The quote above from Let the Great World Spin, a remarkable read that I highly recommend, got me to thinking about all of my own small world examples. It still amazes me that in a city of millions, the many circles I run in merge and overlap so often. Some fun examples:
1.) My friend, Amanda, found me through my blog after we went to Penn together (graduated the same year) and lived in the same city (D.C.) for two years. I probably saw her out in the world countless times, though our writing actually lead us to one another. Our friend, Sara, found me through a mutual friend and as it turned out she lived in D.C. at the same time Amanda and I lived there, and her and Amanda have remarkably similar circumstances in their personal lives.

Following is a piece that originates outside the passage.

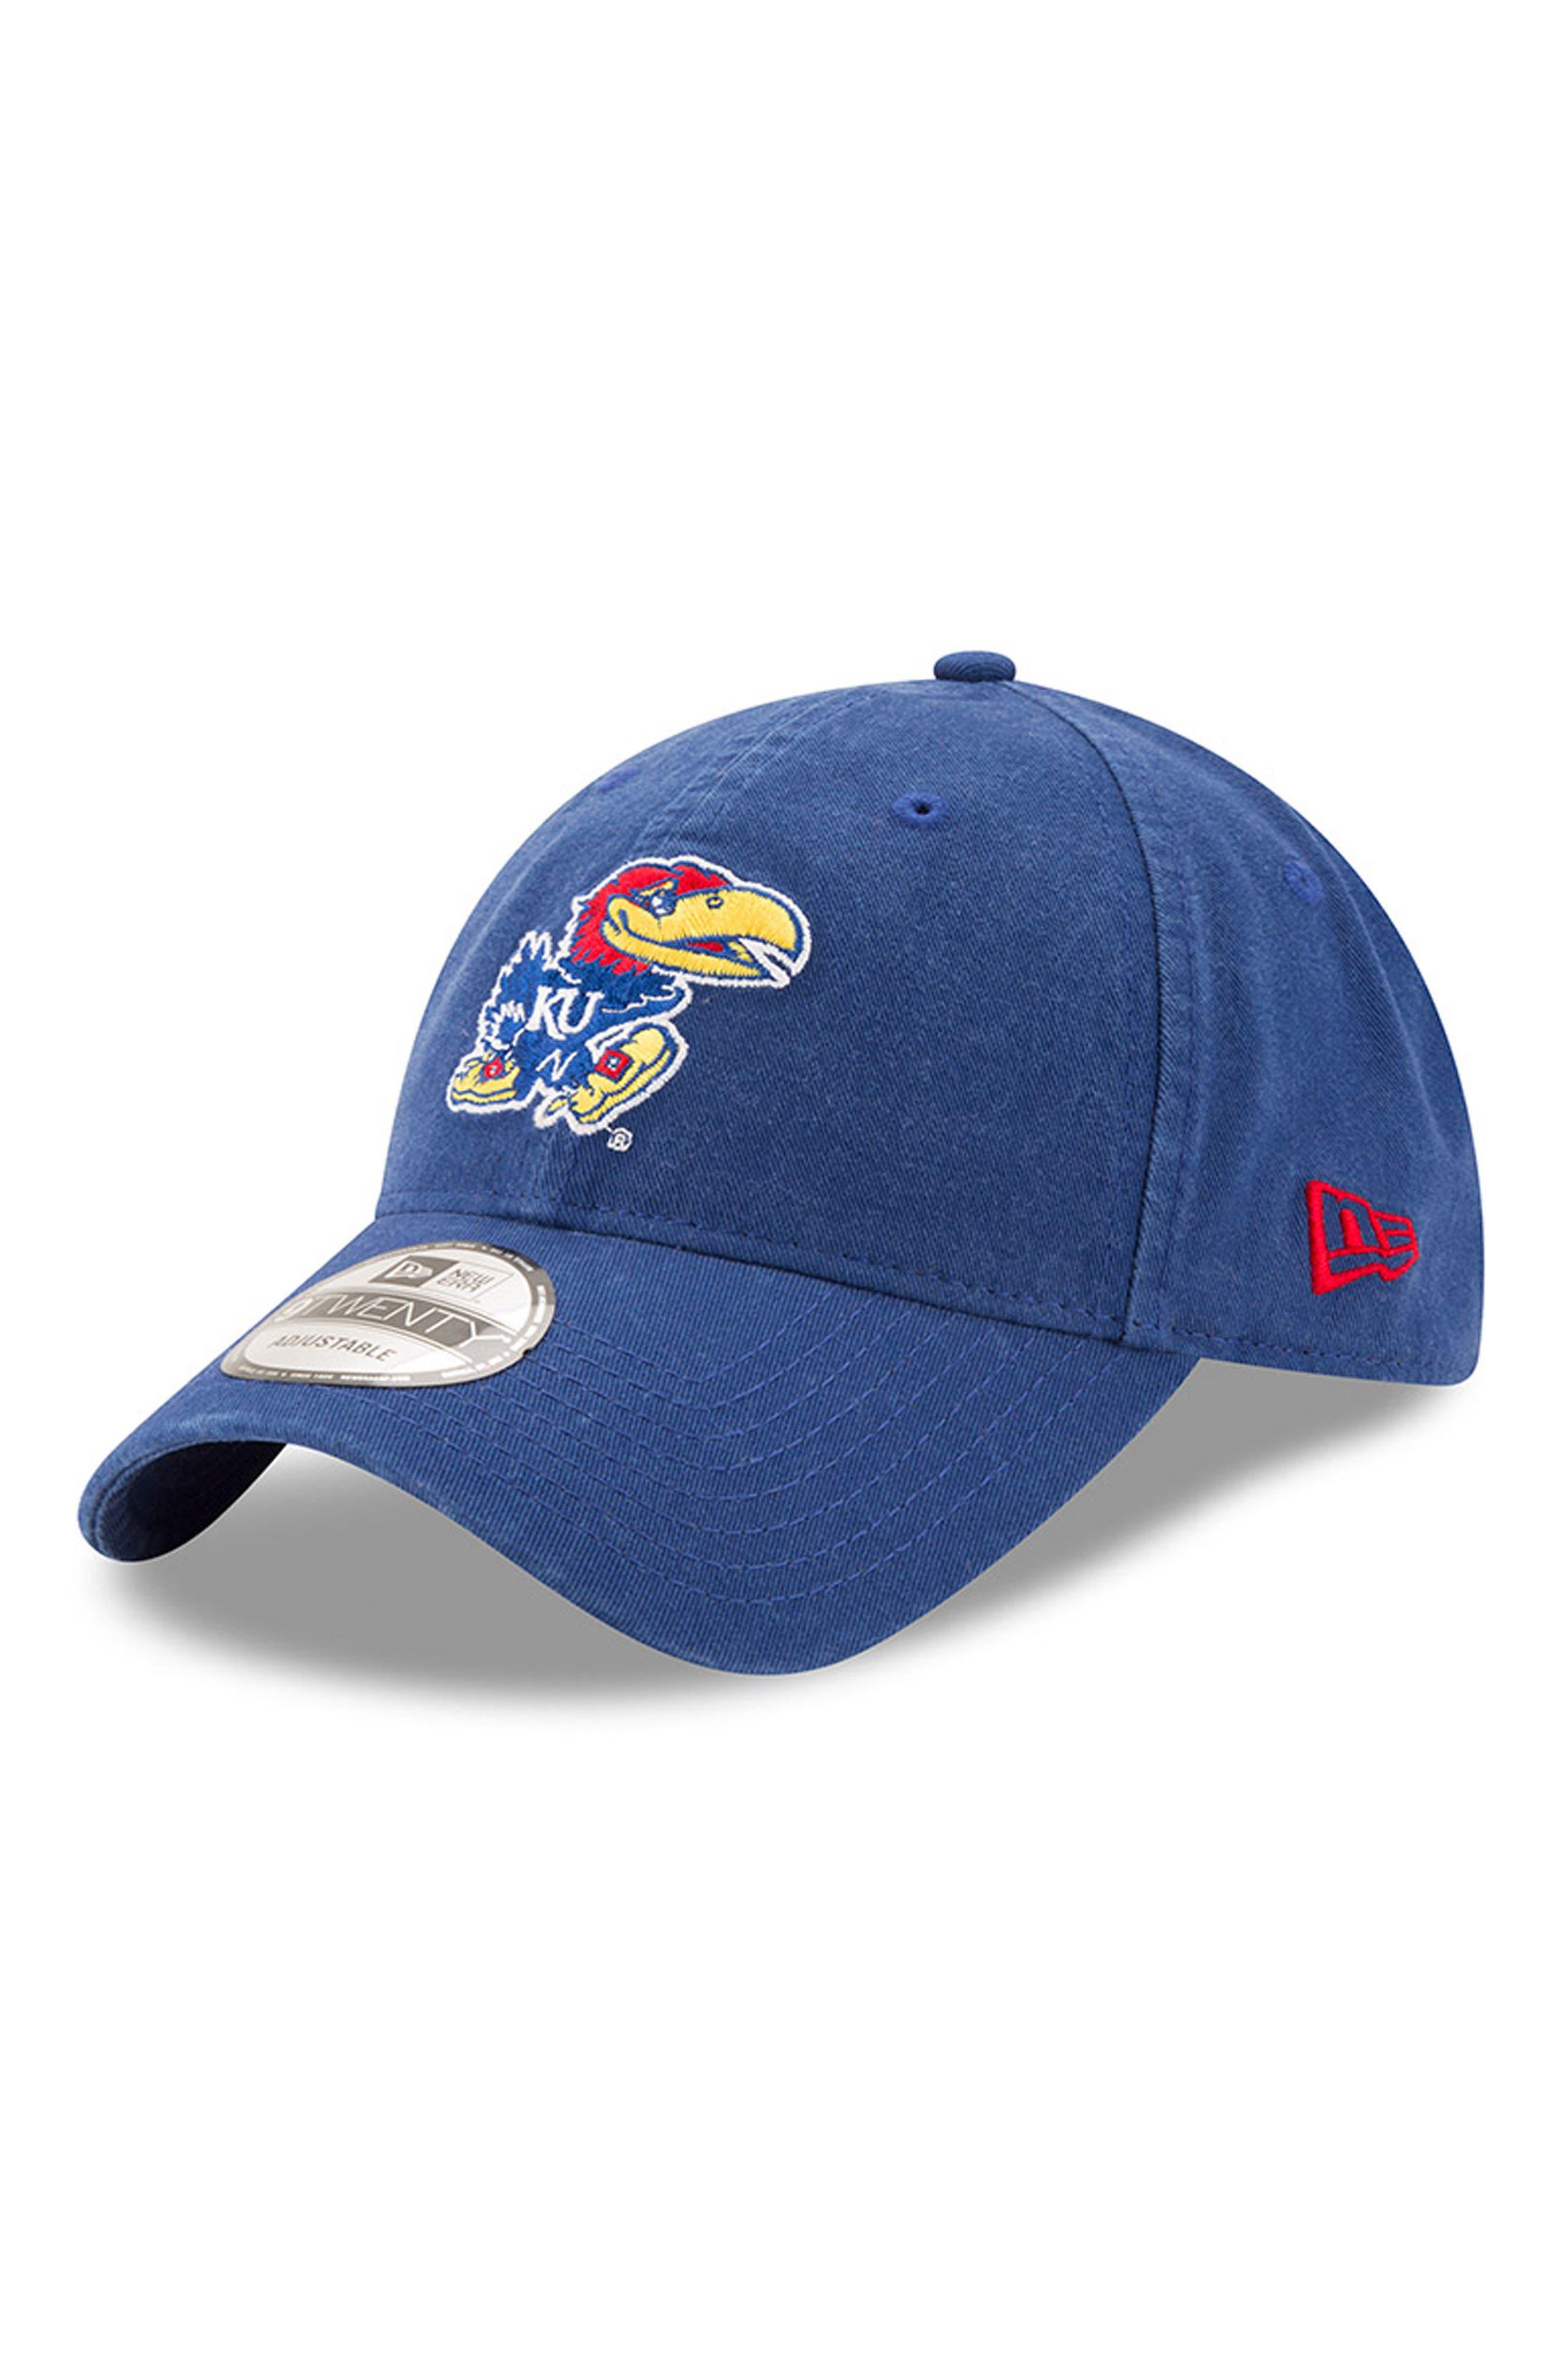 Main Image - New Era Collegiate Core Classic - Kansas Jayhawks Baseball Cap

2.) People have a habit of recurring in my life. Even separated by many miles and years, old friends pop up in the most unlikely places and I always laugh when I learn that our paths have run so close together without even knowing it. My favorite of these is my friend, Jeff, who shows up as my little guardian angel right when I need him most – for example, when I’m job hunting (he helped start my career in professional theatre) or completely lost in Amsterdam (I ran into him on street corner when completely at my wit’s end.) We barely talk between those instances and yet it he never feels like a stranger to me.
3.) Twitter, Facebook, and blogs of every variety make it easy to find out pack. I love that geography no longer limits the relationships to begin, build, and keep. Let people talk about information overload – for us information junkies, Twitter creates a dream-come-true candy store.
4.) Books build bridges across time and space. I love that the writing of people who lived centuries before me have stories that resonate with me. And I feel such a gratitude toward them for writing it all down. Those experiences keep me writing, in the hopes that centuries from now someone may read something I wrote and think “here’s a person who gets me.”
5.) I love confluence and synchronicity. I love the feeling that rises up when something unexpected happens to me and I understand why. Steve Jobs said that we only understand our lives and how they unfold by looking backward. I agree. When I reflect on my own history, even when it seemed so random in the moment, a reason for every circumstance always appears clear as day. This realization makes tough times easier to manage.
What experiences make you feel like we live in a small (or big, as the case may be) world?